- Active: 1918 – 1919; 1924 – 1944;
- Country: United States
- Branch: Army
- Type: Coast artillery
- Role: Tractor drawn heavy artillery
- Size: Regiment
- Mascot: Oozlefinch
- Engagements: World War I; Admiralty Islands campaign (World War II);

= 50th Coast Artillery (United States) =

The 50th Coast Artillery Regiment was a Coast Artillery Corps regiment in the Regular Army. It was mobilized in World War I and World War II.

==World War I==
The 50th Artillery (Coast Artillery Corps) (CAC) was organized in July 1918 at Camp Eustis, Virginia. Moved to Brest, France via Newport News port of embarkation October 1918 on the Italian liner SS America. Moved from Brest to Montoir-de-Bretagne (Loire-Inférieure) 30 October 1918 until the Armistice. The regiment was slated to be armed with 24 British-designed 9.2-inch howitzers, but did not commence training or see action, possibly not even receiving guns, until after the Armistice. They trained at Operations & Training Center No. 5 at Angers post-Armistice, with a firing range at Montmorillon, but on 26 November moved to Camp Pontanezen in Brest. Returned to the US February 1919, demobilized March 1919 at Camp Dix, New Jersey.

==World War II==
Constituted 24 January 1942 as an inactive regiment and activated as the 50th Coast Artillery Regiment (155 mm gun) at Camp Pendleton, Virginia 1 February 1942, assigned to Provisional Coast Artillery Brigade. Regiments of this type began World War II with 24 155 mm M1918 guns on mobile mounts in six batteries of four guns each, and may later have received the 155 mm M1 gun.

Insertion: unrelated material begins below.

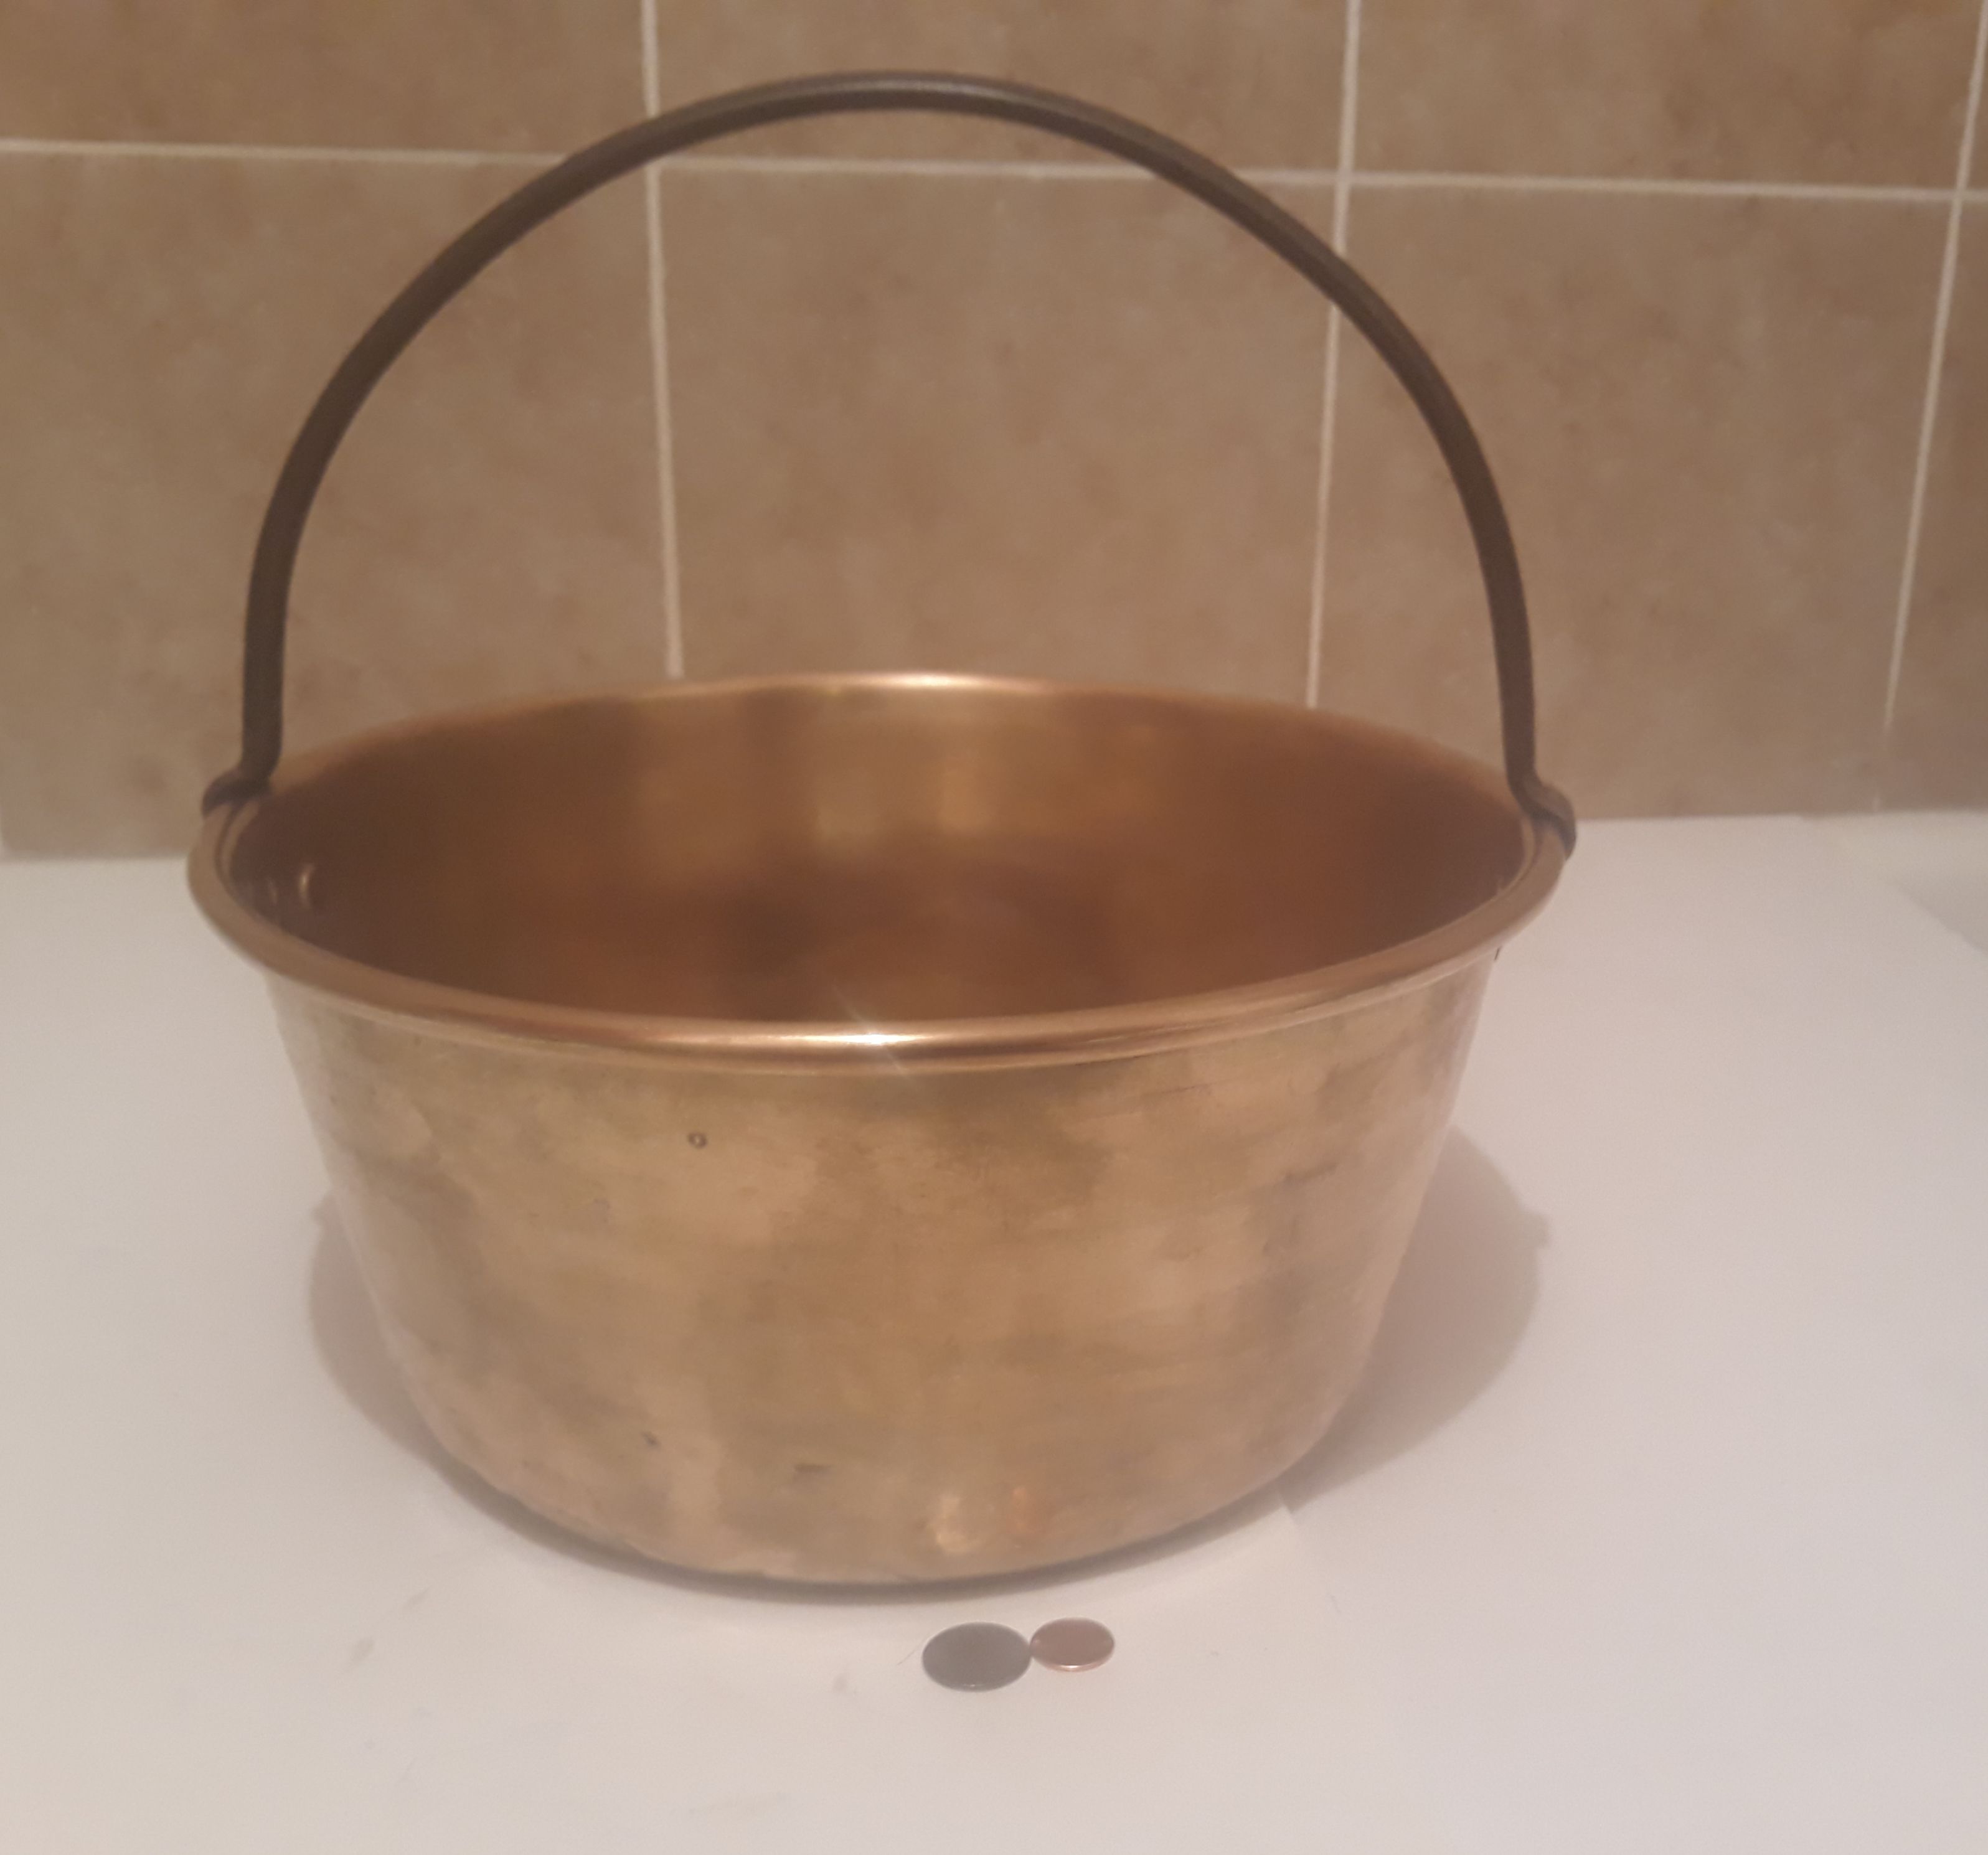 Vintage Metal Brass Cooking Pot, Pan, Heavy Duty, Large Size, 14" x 6" and 12" Tall. Heavy Duty Quality, Kitchen Decor, Table Display, Shelf Display

Battery A transferred to Tongatapu, Tonga Islands in South Pacific 15 March 1942. On 17 July 1942 Battery A redesignated 825th CA (155 mm Gun) Battery (Separate) and Battery A transferred back to Camp Pendleton, less personnel and equipment, and reorganized later in 1942.

Battery B deployed to Efate, New Hebrides in the South Pacific, via the San Francisco Port of Embarkation, 2 March 1942 until January 1943, when it was redesignated 826th CA (155 mm Gun) Battery (Separate), and Battery B returned, less personnel and equipment, to Camp Pendleton.

The 2nd and 3rd Battalions were activated and trained in February and March 1942.

Headquarters and headquarters battery (HHB) transferred to Fort Crockett in the Harbor Defenses of Galveston 9 April 1942 to 4 May 1942, when personnel and equipment transferred to HHB 20th CA (Harbor Defense (HD)) Regt and HHB 50th CA transferred (less personnel and equipment) to Camp Pendleton.

Regimental HHB, 3rd Battalion HHB, and Battery E arrived Galveston, Texas 9 April 1942. Sections (2 guns each) of Battery E assigned to Port Aransas and Sabine Pass, Texas. HHB 3rd Battalion posted at Fort Crockett 10 April 1942 to 21 October 1942.

Battery F entrained for Fort Barrancas, Florida. Arriving 7 April 1942, Battery F moved by motor convoy to Fort Morgan, Alabama and established Temporary Harbor Defenses (THD) of Fort Morgan. 3rd Battalion HHB with Batteries E and F transferred to the Gulf Sector, Southern Defense Command.

HHB 50th CA was reorganized at Camp Pendleton 4 May 1942 using personnel of HHB, 244th CA (155 mm Gun) Regiment.

The 1st Battalion, 50th CA reorganized in 1942, and with 2nd Battalion remained assigned to Provisional CA Brigade at Camp Pendleton until December 1942. On 19 December 1942, the reorganized 50th CA (HHB and 1st & 2nd Battalions) was temporarily transferred to the Southern Sector, Eastern Defense Command, HHB and 1st Battalion at Fort Taylor, Florida, 2nd Battalion at Fort Moultrie, South Carolina. On 18 May 1943 the regiment was transferred to Camp Hero, New York until 4 October 1943. HHB transferred to Fort McKinley, Maine, arriving 6 October 1943 until ordered to Fort Devens, Massachusetts 13 January 1944 and inactivated 21 January 1944. The 1st and 2nd Battalions at Camp Hero were also inactivated, and the 50th CA was disbanded 31 January 1944.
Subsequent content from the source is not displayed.